Once you understand your values, the next step is learning to align your actions with them. You begin to notice whether your behaviour reflects what you believe in, and if it does not, self-respect involves being honest with yourself and making changes where needed.
Another powerful way to build self-respect is through daily affirmations, especially during moments of self-doubt. Reminding yourself of your worth can gradually reshape the way you think, feel, and respond to challenges.
Seeking therapy or coaching can also be incredibly supportive. It allows you to explore your patterns, understand past behaviours, and develop healthier ways of relating to yourself and others. Growth often happens when you allow yourself to be guided and supported.

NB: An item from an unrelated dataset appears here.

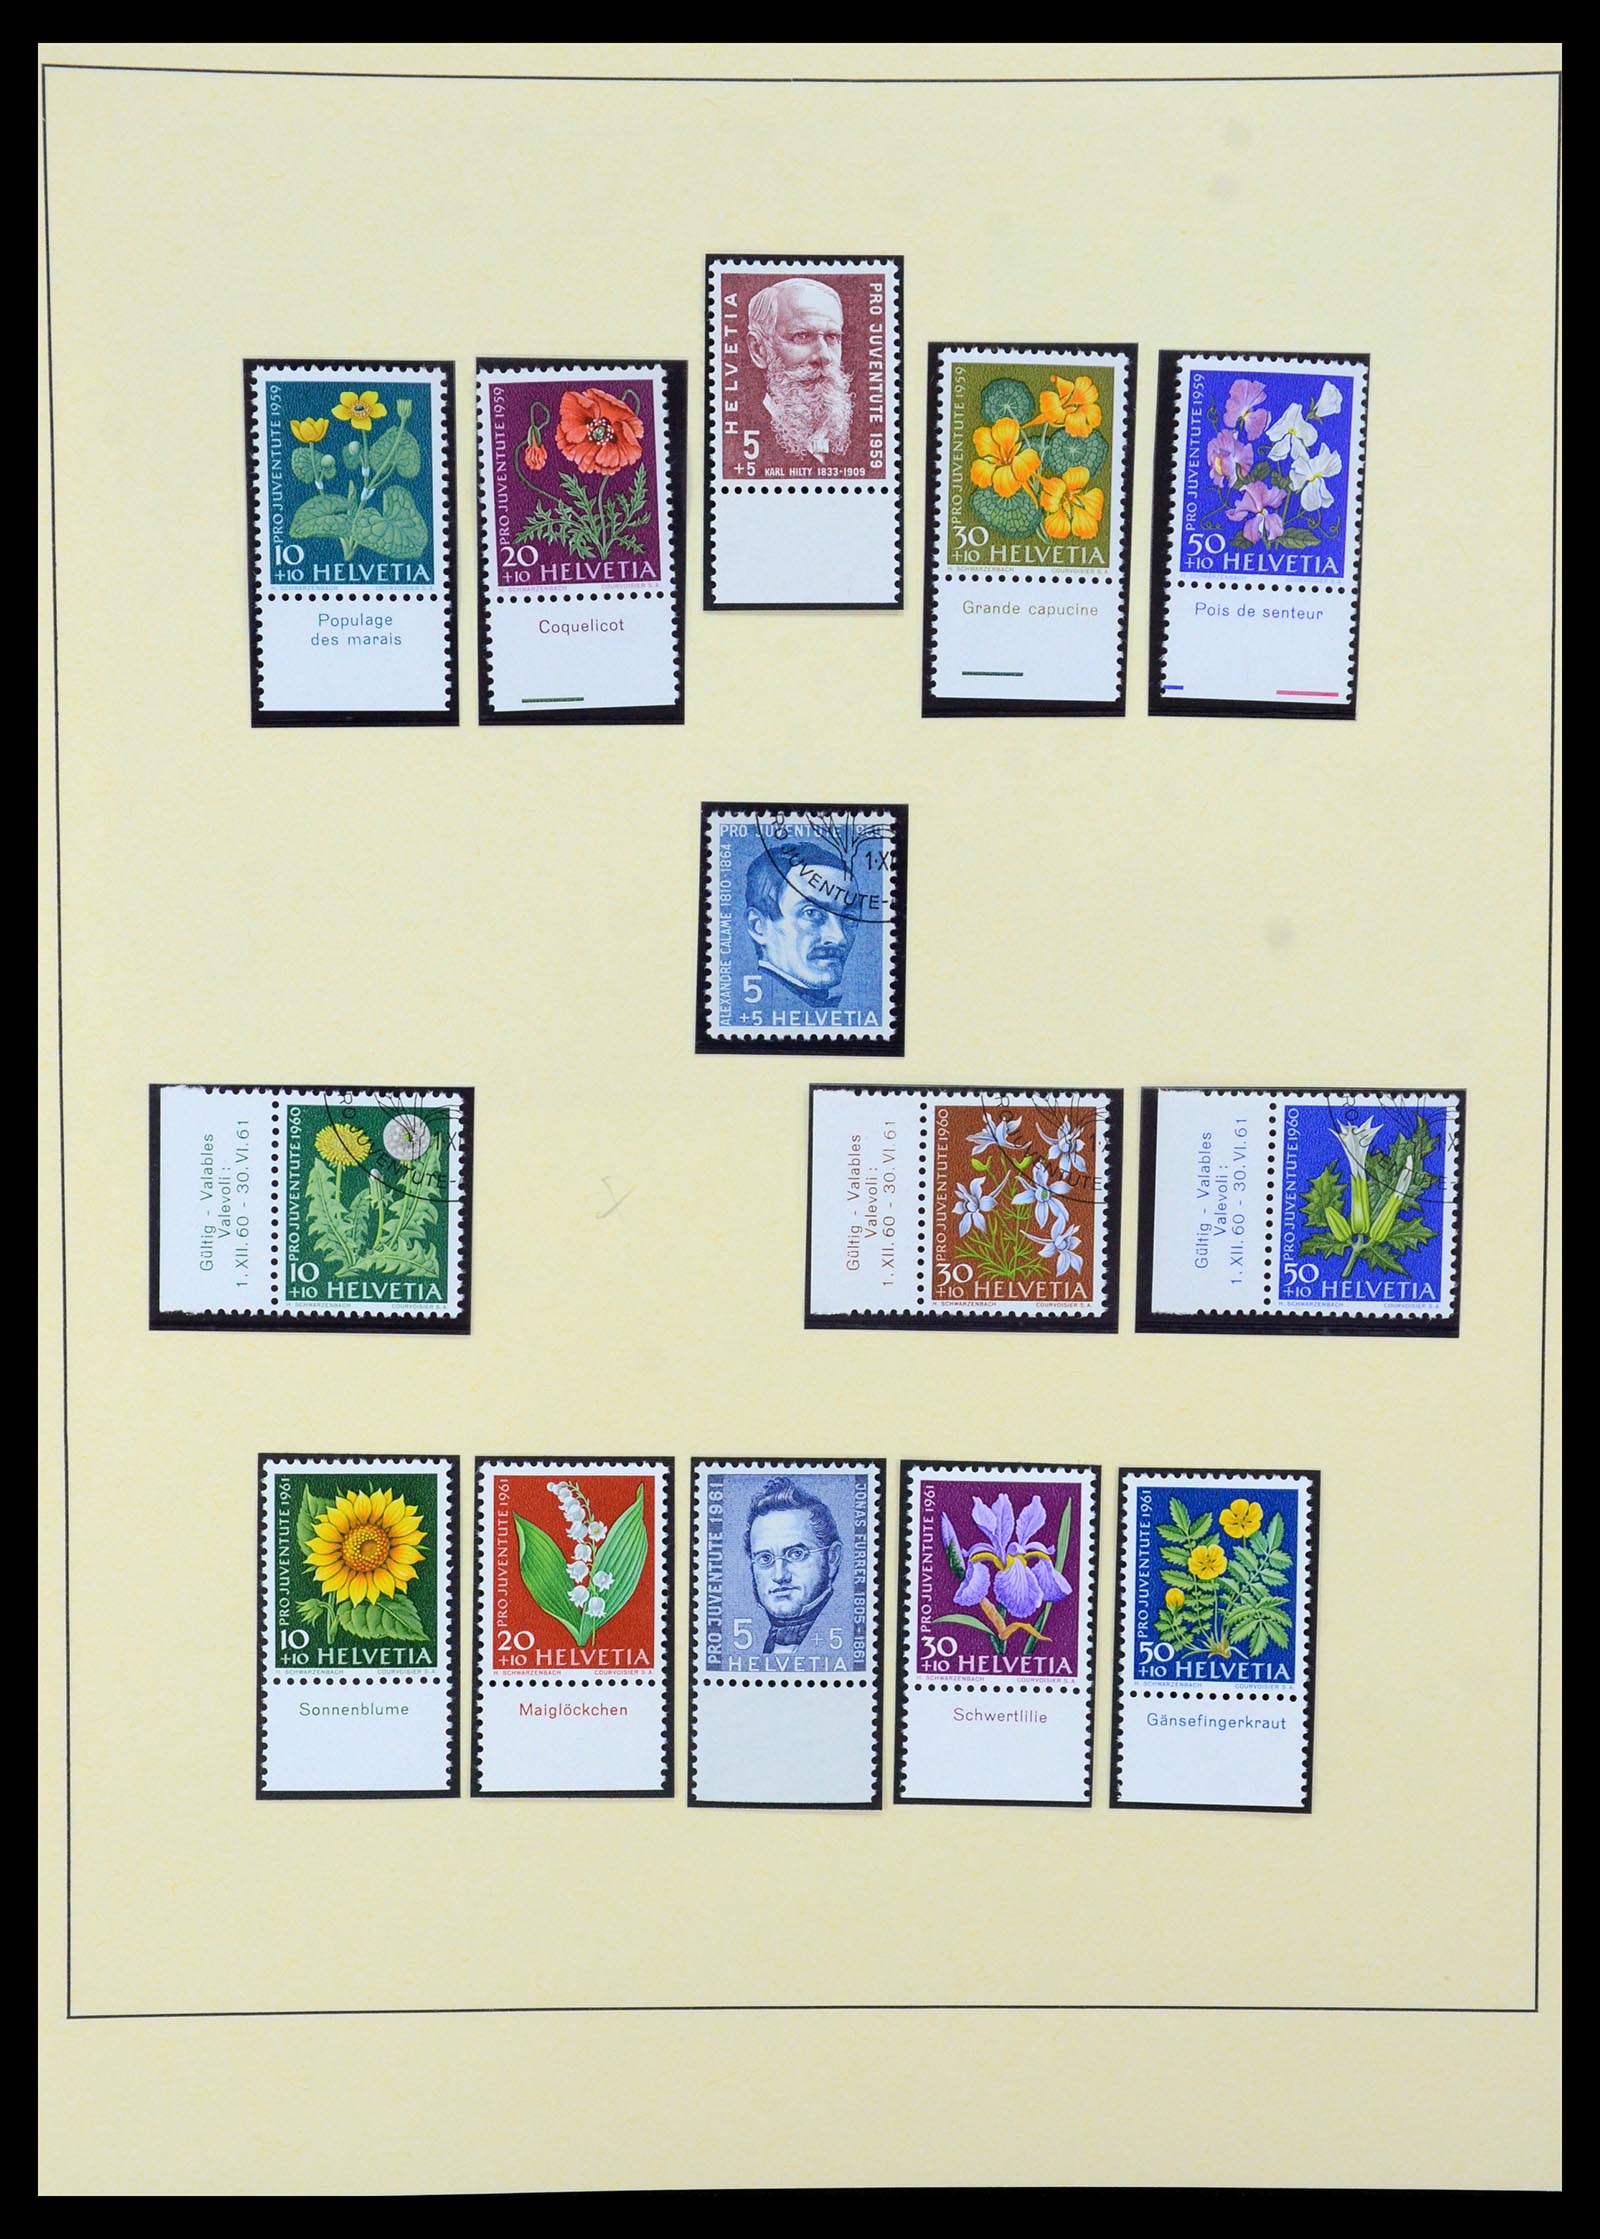 35668 017 - Stamp Collection 35668 Switzerland Pro Juventute and Pro Patria 1910-197

It is also important to recognise that this process takes time. Self-respect may not develop quickly, it can take months or even years. That is why paying attention to your habits and patterns is essential, especially the ones that no longer serve you.
Part of this journey is learning to accept yourself fully. This includes forgiving past mistakes, acknowledging your flaws, and choosing to grow without harsh judgement. Self-respect is not about being perfect,it is about being aware, accountable, and committed to becoming a better version of yourself.
Ultimately, self-respect is built through action. Every time you choose yourself, you strengthen it.
What Self-Respect Does for Your Life
When you develop self-respect, it transforms many areas of your life, including your relationships, mindset, and environment.
You begin to treat others with more kindness and understanding because you are no longer operating from a place of self-neglect. At the same time, you also stop accepting behaviour that does not align with your values.
Self-respect also extends beyond people. It influences how you treat your environment, your home, and even yourself on a daily basis. It reflects in how you care for your wellbeing, your space, and your presence in the world.
In essence, self-respect is not just about how you see yourself it is about how you move through life. It is the foundation that shapes your choices, your boundaries, and the energy you bring into every space you enter.